I'm encountering a problem in the design of a simple zip function, that would be called this way:

for (auto [x, y] : zip(std::vector{1,2,3}, std:vector{-1, -2, -3}) {
    // ...
}

So zip would return an object of type zip_range, itself exposing begin and end functions returning a zip_iterator.

Now, a zip_iterator, as I implemented it, uses a std::tuple<Iterators> -where Iterators are the types of the zipped containers' iterators- to keep tracks of its position in the zipped containers. When I dereference a zip_iterator, I obtain a tuple of references to the zipped containers' elements.
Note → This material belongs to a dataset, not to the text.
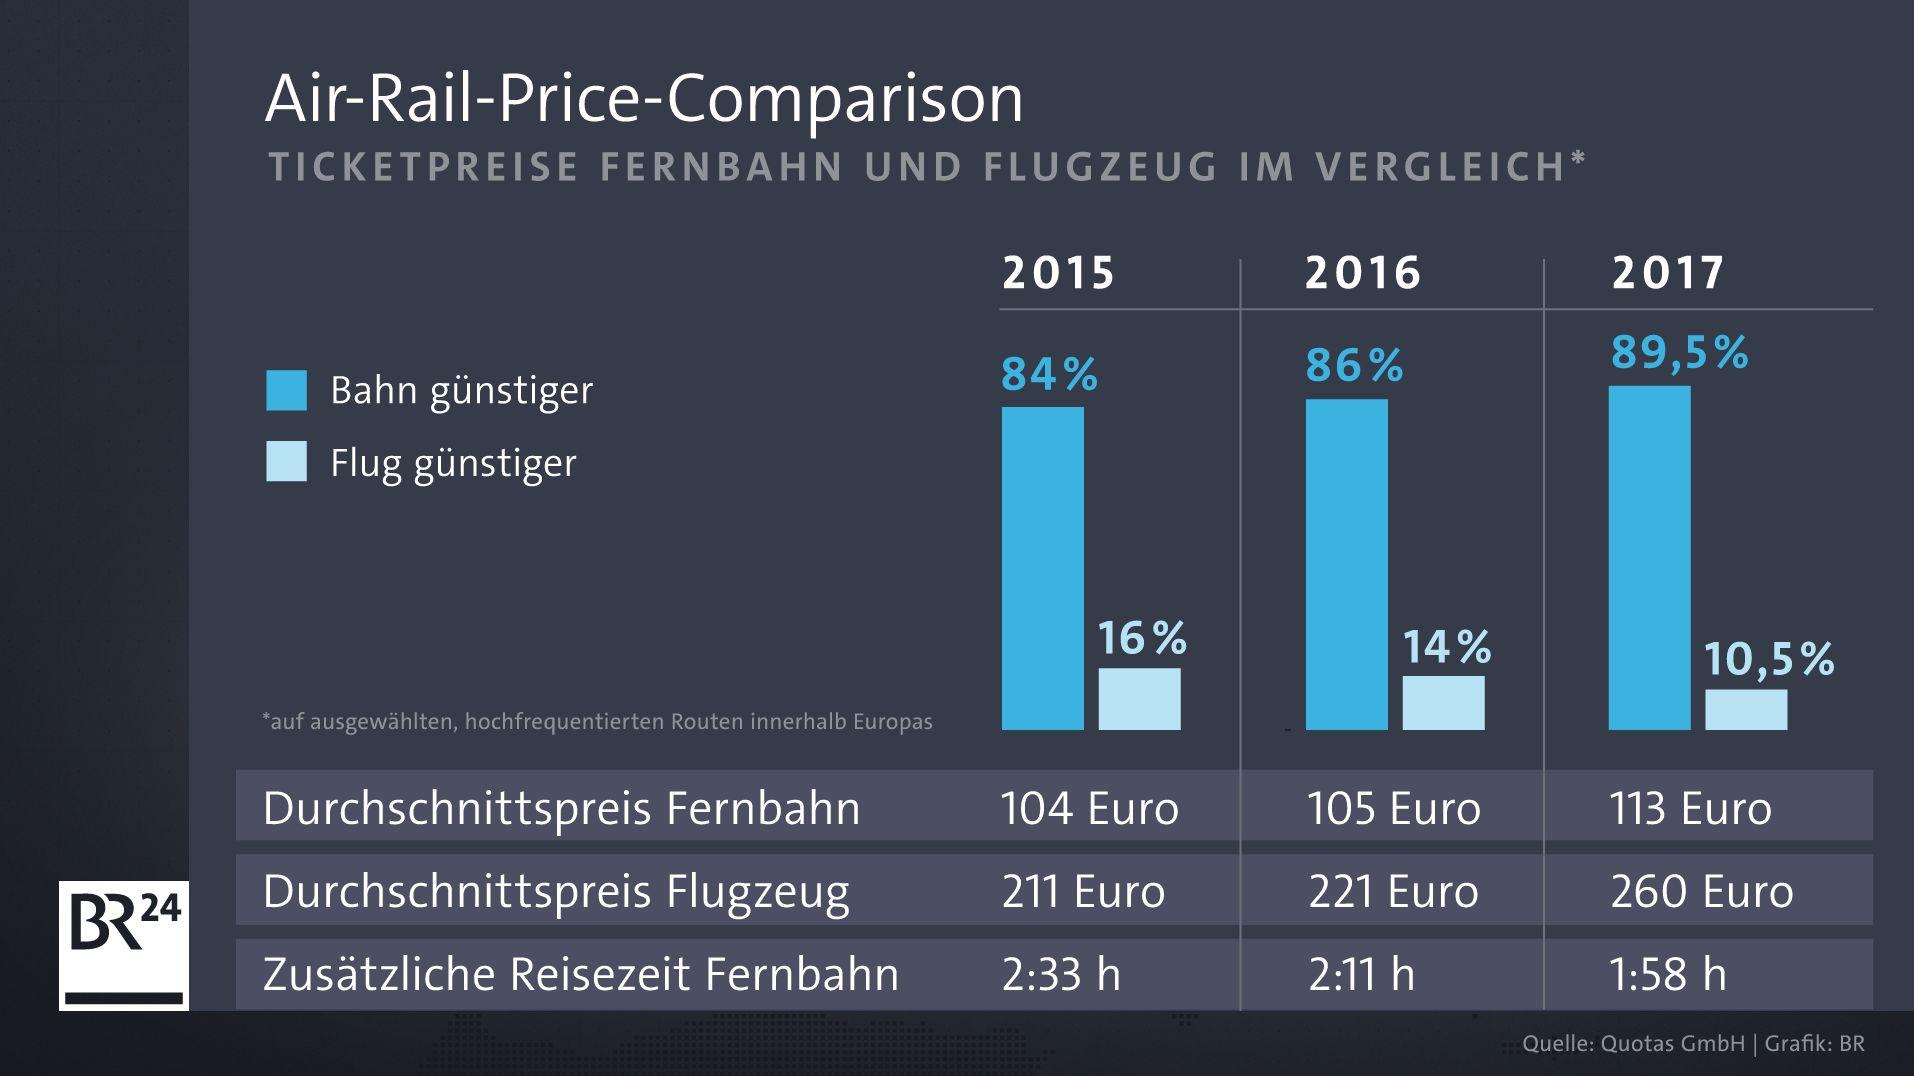 Infografik zur Air-Rail-Price-Comparison Studie

The problem is it doesn't fit well with the structured bindings syntax:

std::vector a{1,2,3}, b{-1, -2, -3};
for (auto [x, y] : zip(a, b)) { // syntax suggests by value
    std::cout << ++x << ", " << --y << '\n'; // but this affects a's and b's content
}

for (auto& [x, y] : zip(a, b)) { // syntax suggests by reference
    // fails to compile: binding lvalue ref to temporary
}

So my question is: can you see a way to reconcile this reference-tuple's actual type (temporary value) with its semantics (lvalue, allows to modify the content it's refering to)?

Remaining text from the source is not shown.